一行人風風火火朝著濟仁堂走去。
此時的濟仁堂正打開門做生意,因為回春堂有人鬧事,很多病患都跑到濟仁堂來了。
見衙差押了一行人,還抬著個死人沖進濟仁堂,看病的百姓紛紛讓開一條道。
“發生什么事了?”
“這不是剛才在回春堂鬧事的張二牛嗎?怎么又來濟仁堂了?”
“難不成這事還和濟仁堂有關?”
“……”
沈凌音也不管這些人在議論什么,‘啪’的一聲,一掌拍在柜臺上,“把你們東家叫出來!”

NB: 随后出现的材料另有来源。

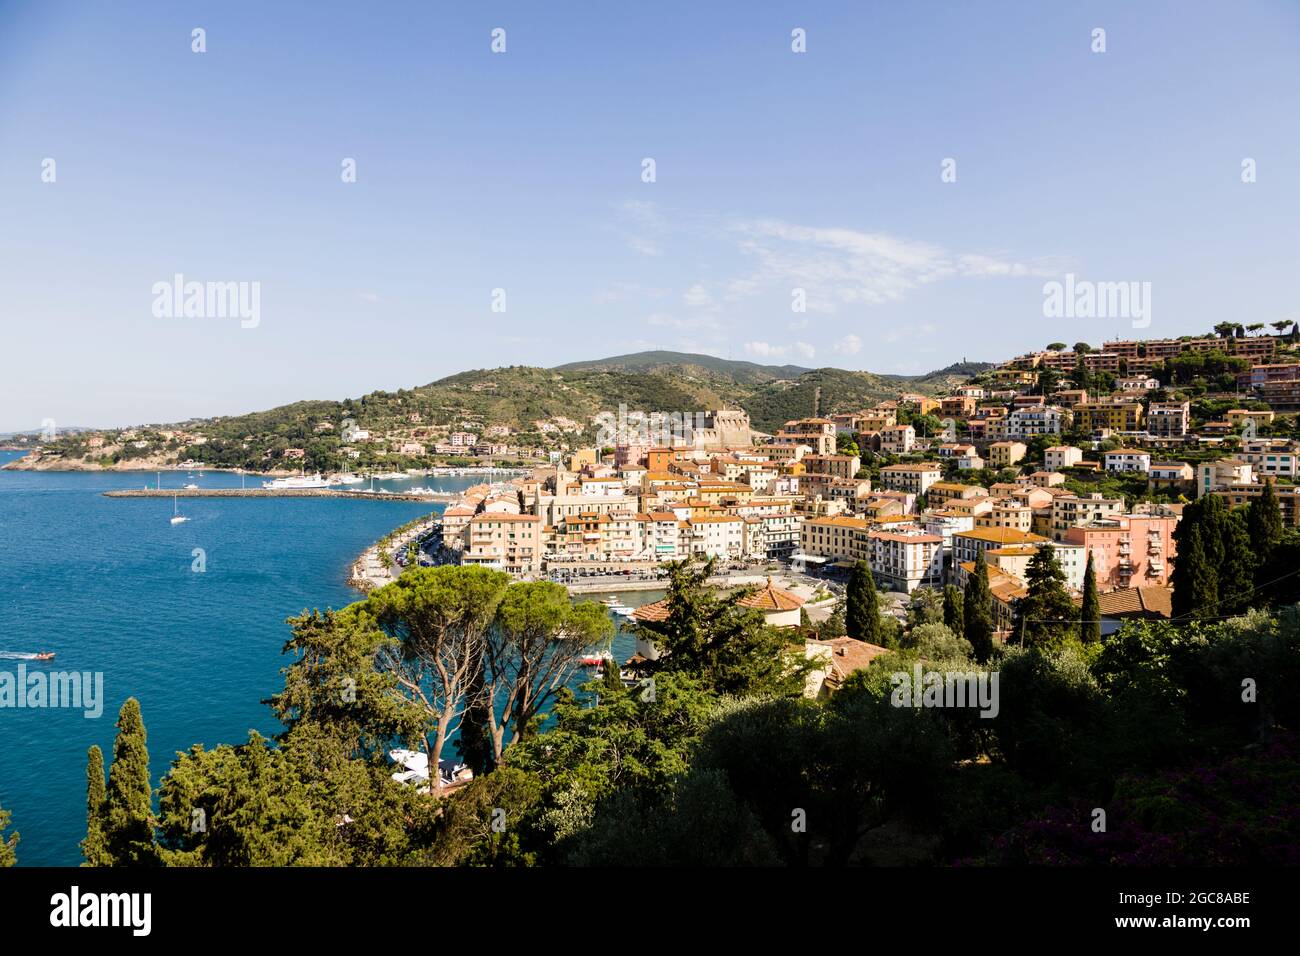 Houses overlooking the harbour in Porto Santo Stefano, one of the two main harbours on the side of Monte Argentario, in Tuscany, Italy. Stock Photo

柜臺前的劉掌柜看到這陣杖,嚇的手中的算盤都險些丟了。
“我,我就是濟仁堂的掌柜,你們有什么事?”
沈凌音也不和他多費話,拽過剛才鬧事的那三名男子和張二牛便問道,“你們仔細瞧瞧,是不是這個人給了你們銀子,讓你們去回春堂鬧事的?”
“是是是,就是他!”
四人一口同聲道。
劉掌柜愣了一下,這才看清眼前幾人是誰,他趕緊否認,“你們胡說什么?我不認識你們!”
“你今天一早就找去了我家,給了我二十兩銀子,說我爹死的正是時候,那二十兩銀子還在我家床頭放著,你今天早上去的時候,我二伯一家也在,只要傳我二伯一家來過就知道你到底認不認得我們!”
張二牛指著劉掌柜義憤填膺道。
他不傻。
若是這事蓋在他的頭上,他們一家都得坐牢,可若是能推到劉掌柜身上,那他們只會被輕罰。
“我們今天一早在集市上溜達,你突然塞給我們一筆銀子,說是讓我們幫你去回春堂放些發霉的藥材,說事后再給我們二十兩……早知道這是害人的勾當,我們死也不會答應的!”
三名鬧事的男子也嚷了起來。
他們三人每天都在集市偷摸拐騙,是這片地方出了名的混混。
害人的勾當,他們沒少做。
但真要被拉去坐牢,他們還是害怕的。
劉掌柜見這么多人指認他,瞬間無話可說,他的嘴角抽了抽,干脆承認了,“是我干的又如何?同行之間惡性競爭這是常有的事,大不了我賠你們銀子!說吧,你們要多少銀子?”
沈凌音冷哼一聲。
當她是傻子嗎?
這間藥鋪表面上看沒什么問題,但只要仔細觀察就能發現,藥鋪中的藥材根本不齊全,幾名伙計也是賊眉鼠眼的,一看就不是內行人。
若是沒有猜錯的話,這間藥鋪根本不是開來做生意的,而是為了對付她。
要對付她的人,必跟她有仇!
若是沈家的人要對付她,是不會把回春堂的名聲搞壞的,畢竟他們還想靠著回春堂賺錢。